Like you, I’m sure, I love America, but the love has changed. I started out with the child version: America is the greatest and most powerful country on earth.
That emotion doesn’t generally survive into adulthood, especially in times like these. That kind of patriotism tends to play down shameful truths. It tends to bloat into touchy and overweening pride.
These days it’s hard to be blithely confident in the core American creed we used to be so proud about — e pluribus unum. Out of many one. We don’t seem like “one” today if you look at the facts.
This general disillusion with e pluribus unum has caused many people to give up on patriotism altogether. On the right, people who often call themselves patriots are actually nationalists, a chauvinism that is an entirely different emotion. Nationalists believe that America is bitterly divided between themselves and internal enemies who betray it. Nationalists base their loyalty not on our common creed but on common clan, in which you’re either in or out.
“A nationalist,” George Orwell wrote, “is one who thinks only, or mainly, in terms of competitive prestige.”
To a much smaller degree, the disillusion with e pluribus unum has caused some on the left to also conclude that America is permanently divided between oppressor groups and oppressed groups. To them, Joe Biden’s insistent call to unity seems naïve.
The problem is that if you abandon shared patriotism, you have severed the bonds of civic life. There’s no such thing as the loyal opposition. There is no such thing as putting country over party. We talk about how people have grown more passionate about their partisan identities. Maybe the problem is people have grown less passionate about a shared American identity.
And yet, like you perhaps, I still regard myself as an extremely patriotic person. Which is why I so admired Yale political philosopher Steven B. Smith’s book “Reclaiming Patriotism in an Age of Extremes.” It explained my emotion to me, as it might yours to you.

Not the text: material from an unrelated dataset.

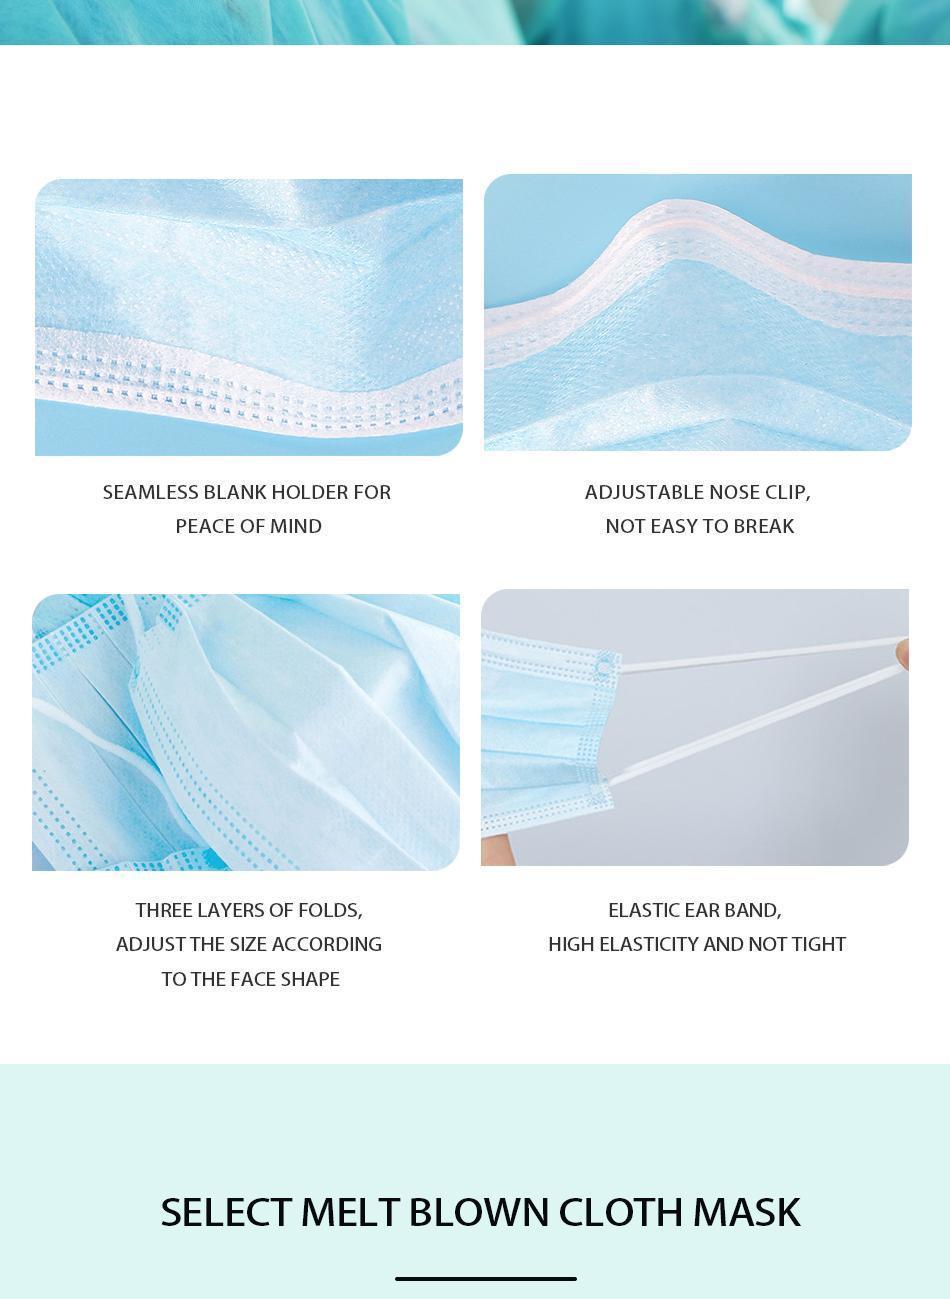 High Quality High Performance Disposable 3 Layer Adult Anti Dust Pm2.5 Virus FDA 510K CE En14683 Approved Non-Woven Fabric Blue Medical Face Mask

Smith’s concept that opened the door for me is the idea that American patriotism is both rational and emotional, irrational.
It draws from a cerebral root. We’re a people of texts. We tend to study and restudy just a few key texts, including the Declaration of Independence, the Constitution, the Gettysburg Address and Letter from a Birmingham Jail. These texts contain ideas we assent to, but also ideals that warm our hearts.
The core cluster of American ideals would certainly include equality, inclusion, self-government, and aspiration, the idea that to be an American involves climbing upward to something. We also have this unusual assumption that America is not just a plot of land but also a project. We don’t just live here. We have goals.
We seek to express American ideals, and when we do, it turns out we don’t agree! American patriotism, Smith writes, “is unique in its self-questioning character.” We’re a tradition of conflict about our very foundations.
This conflict takes place not only in marches but also in school boards, in the humdrum daily acts of civic participation. Wartime heroism is not the high-water mark of American patriotism. Writing a dissenting comment about this column is.
This kind of patriotism “is the first virtue of social institutions.” It’s what keeps everything together and functioning. It is the decline of this loyalty that has tended to make our institutions falter.
Out of this activity, a certain sort of emotional state arises. As we argue over something, we develop an empathy for it, a level of care. We develop a steady loyalty and a gratitude for how it has made us certain sorts of people.
Sometimes caring for America brings moral shame. As Sen. Cory Booker has remarked, “If America hasn’t broken your heart, then you don’t love her enough.”
But this a very resilient, strong but unflamboyant form of national love. This kind of love Smith argues is best conveyed by the Yiddish term mishpocheh. It means family but more than family, but also extended relations and people from the same place:
“Mishpocheh may not even be personal acquaintances, but we know them when we see them — by their dress and habits, by their voice and inflection, by their body language and by a whole host of subtle and not-so-subtle clues. Such people are not necessarily intimates, but they are not entirely strangers.”
Somehow, they are just of us, and we of them.
Feed your eyes on your city until love of her fills your heart, Pericles commanded in his famous funeral oration. He was speaking in wartime when national unity was forged by foreign threat. We, on the other hand, are living in a time of domestic strife when our love has to be powerful, patient, merciful, forgiving.
Smith ends the book with one of my favorite Bruce Springsteen lyrics:
This train carries saints and sinners
This train carries losers and winners
This train carries whores and gamblers
This train carries lost souls
I said, this train dreams will not be thwarted
This train faith will be rewarded.
David Brooks is an Op-Ed columnist for The New York Times.